Then he tore into Martins saying, while Bishop Curry preaches reconciliation at every turn he fails to practice what he preaches with his continued support for the ongoing lawsuits in Quincy, Fort Worth and South Carolina. Given this reality, Bp. Martins, can [you] give me a reason to send my men to Nashotah House? San Joaquin has had a long and positive past with Nashotah but at this point I am really shaking my head and wondering what in the world has happened?"
When VOL approached Martins for a comment all he would say is, "The letter was unfortunately leaked before I even received it...when I officially receive the letter, it is my intention to reply, but privately."
Privately or publicly it makes little difference. Whatever he says, it will not assuage Menees or the fact that Nashotah House is, to all intents and purposes, throwing away its spiritual heritage for a mess of ecumenical pottage, hoping it can play both ends against the middle, that is, keep TEC in play while trying to meet the needs of churches like ACNA. It would seem now that that option is fast disappearing.
ACNA is a member of GAFCON which has separated itself from TEC, and its leaders will have nothing to do with Curry or Fred Hiltz, Archbishop of Canada, and the Scottish Episcopal Church. As a sign of their defiance they even consecrated a GAFCON bishop for England and Europe!
Martins thinks he can hold it altogether but that is increasingly a fiction. It can't be done. Reconciliation is impossible if you believe the fabric of the communion has been torn and unrepairable. When a bishop, even an Anglican one, says that ongoing lawsuits make a mockery of reconciliation, and when you accuse the leader of the US Episcopal Church of initiating new rites that defy scripture, tradition and reason, what sort of comeback does Martins have?
The answer is none, unless he admits he is in the wrong and that Nashotah House is throwing away its legacy and tradition by compromising with an apostate and heretical church!
Reconciliation talk is ultimately about compromise, and Anglo-Catholic bishops and some Evangelical bishops will not do that. One has only to witness the fact that three African evangelical Primates refused to attend Welby's call for a summit in Canterbury this week, because they say the fabric of the communion has been torn and seemingly irreparable.
BISHOP ED SALMON
The initial crisis began when the retired, (now deceased) Bishop of South Carolina, Ed Salmon was installed in 2011 as the seminary's new dean and president, succeeding the Very Rev. Dr. Robert Munday, who had served in that position since 2001 and who led the House during his deanship to its largest enrollment in thirty years.
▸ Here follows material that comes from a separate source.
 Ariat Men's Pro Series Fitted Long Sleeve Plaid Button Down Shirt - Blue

Salmon had served as the Chairman of the Nashotah House Board of Trustees for 13 years prior to ousting Munday as Dean and assuming the deanship himself. This unusual move drew the attention of the Association of Theological Schools, which slapped the seminary with Notation N8.3: "The governing board exercises its authority or discharges its responsibilities ineffectively or inappropriately." Salmon alleged that Munday had gotten the House into trouble with the Episcopal Church by building relationships with ACNA dioceses and aiding the establishment of a local congregation (St. Michael's, Delafield) that began on the Nashotah campus and which eventually affiliated with the ACNA.
Then in February 24, 2014 Salmon did something that was seemingly inexplicable for an Anglo-Catholic bishop who had led one of the most respected and growing dioceses in TEC. He announced that he had invited then Episcopal Presiding Bishop Katharine Jefferts Schori to address the student body there.
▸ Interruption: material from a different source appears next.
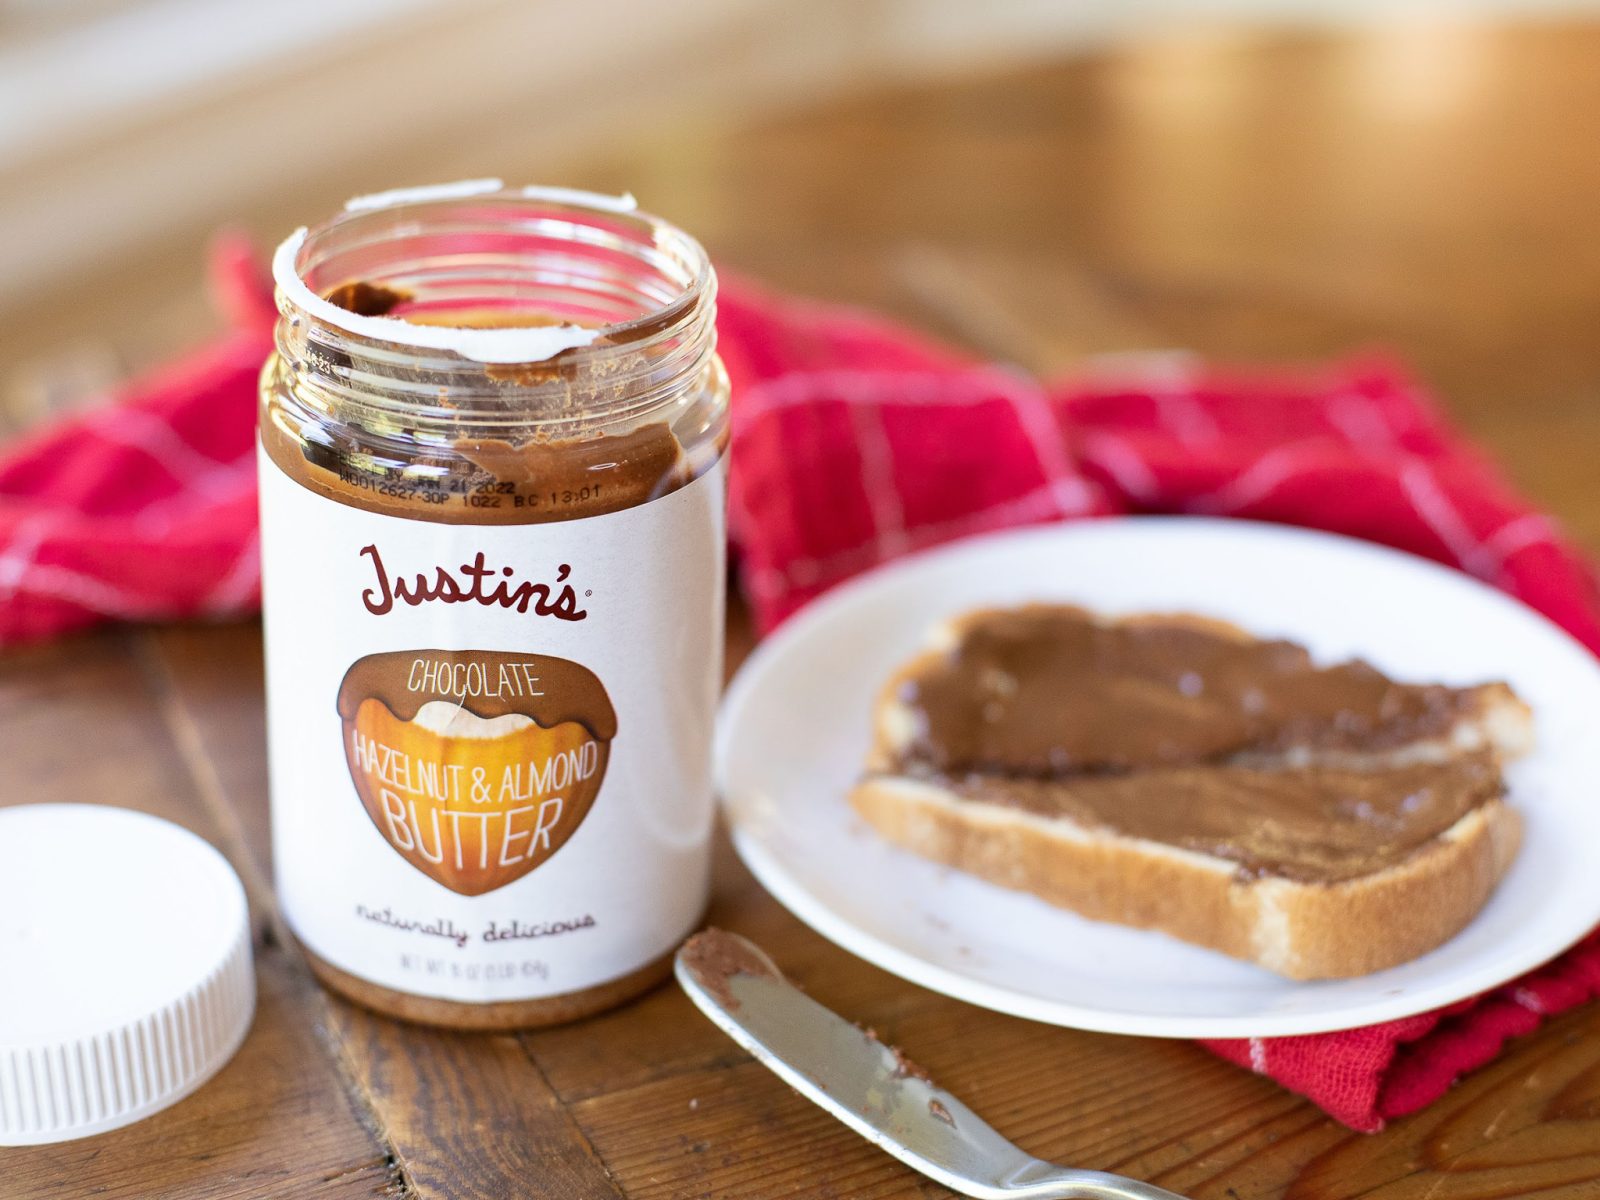 Justin’s Peanut Butter Digital Coupon For The Publix Sale – Save Over $2!

Her theological views had been well documented. She had, over the course of seven years, made un-Biblical statements about the person of Jesus Christ, the authority of the Bible, heaven and hell, the Resurrection, attributing a demon to St. Paul, and made the statement from the 2009 General Convention that the "great heresy of Western Christianity" is the belief that one can have a personal saving relationship with Jesus Christ.
That he acquiesced to the request of three students to invite Jefferts Schori to "come and see" and then attempted to wash his hands of the event has been typical of the history of this bishop. He once famously said to his clergy, when he was bishop of South Carolina, that if TEC ever allowed the gay agenda to take hold he would take the diocese out of the Episcopal Church. He didn't and later denied saying that he ever said it. It was up to his successor Bishop Mark Lawrence to take that action.
Outrage followed. Salmon revealed himself to be a prevaricator, a fence sitter and useful idiot for the episcopal administration. There were calls for his resignation.
He was called out for his action by his predecessor Dean Robert Munday who said at that time that what Salmon did was totally contrary to the faith we are called to believe and teach.
"One of the things that saddens me most about this whole affair," Munday wrote, "is what it models for students at the House. These students are no longer being taught to be valiant for truth and to take risks for the sake of the Gospel, they are being led by example to 'go along to get along,' and that dialogue with heretics and even having them in your pulpit is a good thing if it promotes better relationships."
Them's fightin' words.
Salmon responded saying, "The name of leadership is relationships - people connecting with each other and working together. Our broken relationships in the Church are a testimony against the Gospel."
Not true, wrote back Munday. "The heterodoxy of the Episcopal Church, in general, and of Katharine Jefferts Schori, in particular, is a testimony against the Gospel. We are called to separate ourselves from false teachers; and a shepherd, whether of a diocese, a parish, or a seminary, is called to protect his flock from wolves. In the words of the ordination vows Bishop Salmon took: 'Are you ready, with all faithful diligence, to banish and drive away all erroneous and strange doctrine contrary to God's Word; and both privately and openly to call upon and encourage others to do the same?' To lead a seminary like Nashotah House in these days, and to fail to keep that ordination vow, is to see your seminary turn into another Seabury-Western, or General, or worse."
What is doubly ironic is that Jefferts Schori had spoken vigorously against students wanting to study at Nashotah House. She specifically told one of her Executive Council members not to seek his theological education at Nashotah House. This negative advice was also delivered to two other co-ed students while they were in discernment about their seminary training at The House.
And now the battle has heated up again, this time between the chairman of the board and an Anglican bishop even as a new acting dean, one Garwood P. Anderson, takes the place of Dr. Steven A. Peay who recently stepped down.
If Nashotah House cannot appeal to future Anglo-Catholic ordinands from bishops like Menees, Jack Iker, Keith Ackerman, William Wantland and Juan Alberto Morales, then who will it appeal to? What future does Nashotah House have?